* **DATA FOR THE TASK**
==========

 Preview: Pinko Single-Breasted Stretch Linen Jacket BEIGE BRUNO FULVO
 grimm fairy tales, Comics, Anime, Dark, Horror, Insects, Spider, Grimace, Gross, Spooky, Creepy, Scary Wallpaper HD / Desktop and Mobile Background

==========

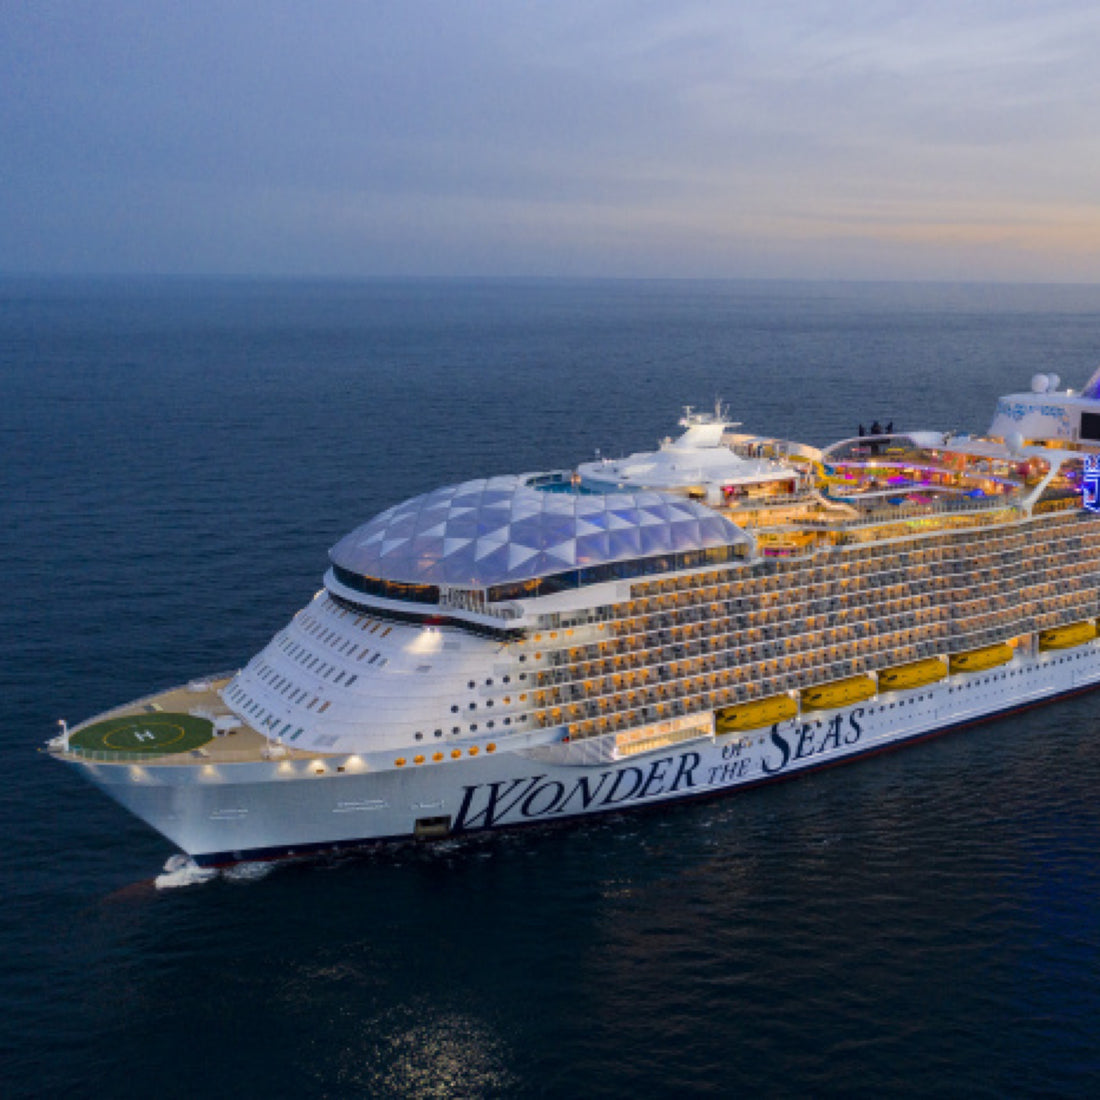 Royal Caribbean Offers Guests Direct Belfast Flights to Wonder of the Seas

==========

* **ACTION ITEM**
Nothing should appear in the answer except the lines above from the line with "Preview: Pinko Single-Breasted" through the line with "and Mobile Background", both included, written out exactly.

* **RESPONSE TO THE TASK**
 Preview: Pinko Single-Breasted Stretch Linen Jacket BEIGE BRUNO FULVO
 grimm fairy tales, Comics, Anime, Dark, Horror, Insects, Spider, Grimace, Gross, Spooky, Creepy, Scary Wallpaper HD / Desktop and Mobile Background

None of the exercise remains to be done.